Lessons from the Python changelogs
Python has a great documentation section called “what’s new in Python” that discusses new features added in each version of Python. I recently read through all of them and learned several new tricks! From now on, I’ll be sure to read these each time a new version of Python is released.
Invalid numbers
One fun lesson: “01” is not a valid number in Python.
>>> (00, 01, 10, 11)
File "<stdin>", line 1
(00, 01, 10, 11)
^
SyntaxError: invalid token
Why? Python previously treated numbers starting with 0 as octal. As of Python 3,
such numbers must now be prefixed with 0o
, as in 0o31
. In order to avoid
subtle bugs, integers other than 0 are no longer allowed to start with 0 or -0.
Unpacking
Unpacking support has been improved multiple times over the past several releases. The following now works nicely.
>>> (a, *rest, b) = range(5)
>>> a
0
>>> rest
[1, 2, 3]
>>> b
4
Exec
>>> x
Traceback (most recent call last):
File "<stdin>", line 1, in <module>
NameError: name 'x' is not defined
>>> exec("x = 5")
>>> x
5
JavaScript’s eval
function, known primarily for horrifying security-minded
programmers the world over, has a Python equivalent! “This function supports
dynamic execution of Python code.” Read more in the docs, then forget that
this exists.
Generators
Taking a slice of a generator, like range, can return another generator.

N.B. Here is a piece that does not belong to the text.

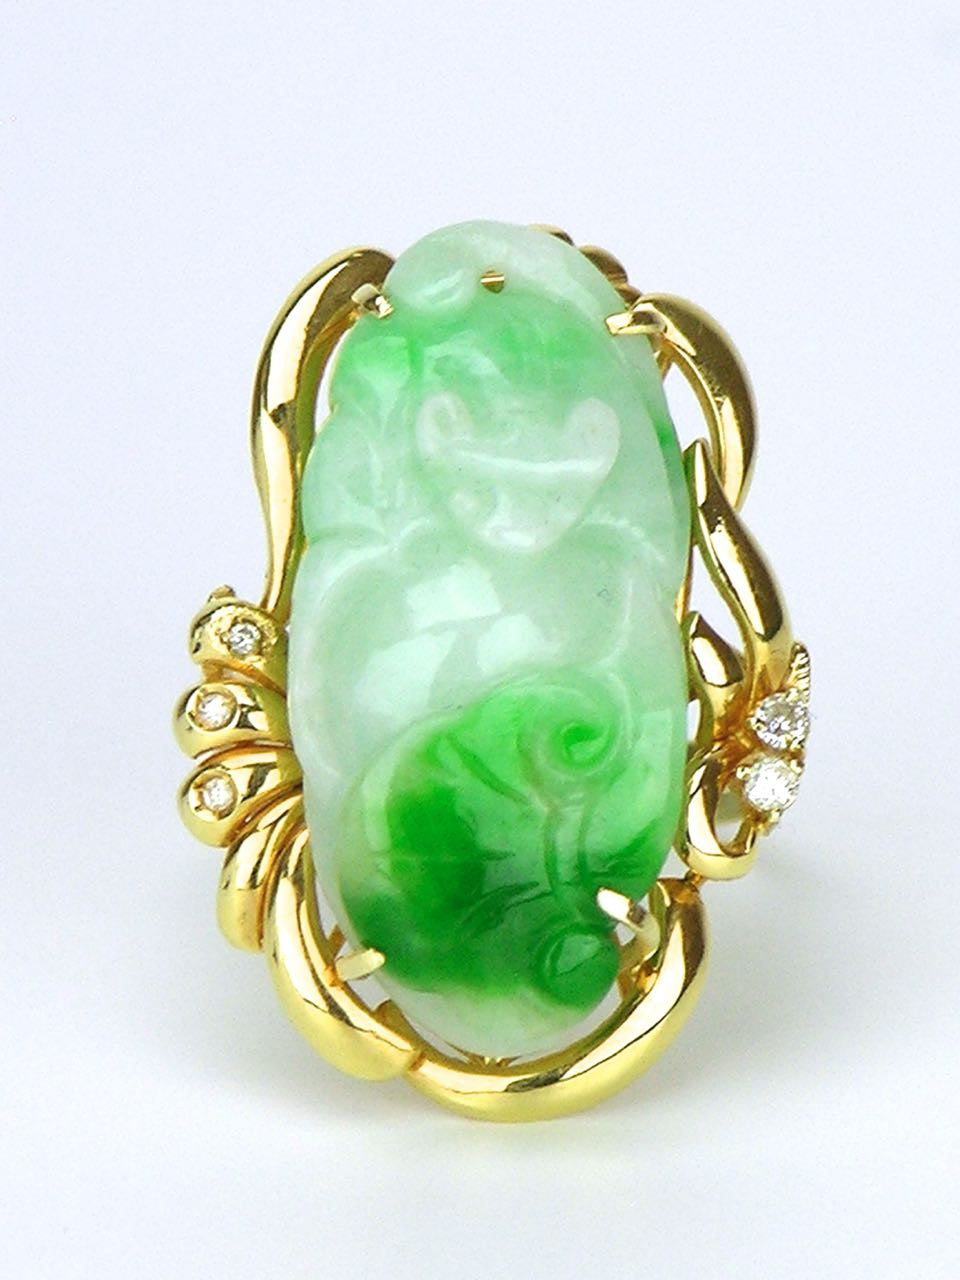 Vintage 14k Yellow Gold Carved Jade and Diamond Ring

Cool!
>>> range(0, 100, 2)[0:5]
range(0, 10, 2)
yield from
expressions allow deferring to other generators within a generator.
>>> def g(x):
... yield from range(x, 0, -1)
... yield from range(x)
...
>>> list(g(5))
[5, 4, 3, 2, 1, 0, 1, 2, 3, 4]
Modules
The list of Python modules is also remarkably short and worth skimming. Modules that I was at most vaguely aware of, and inspired by the list to investigate more, include:
- abc
- concurrent.futures
- configparser
- csv
- inspect
- secrets (new in Python 3.6!)
- typing (new in Python 3.5!)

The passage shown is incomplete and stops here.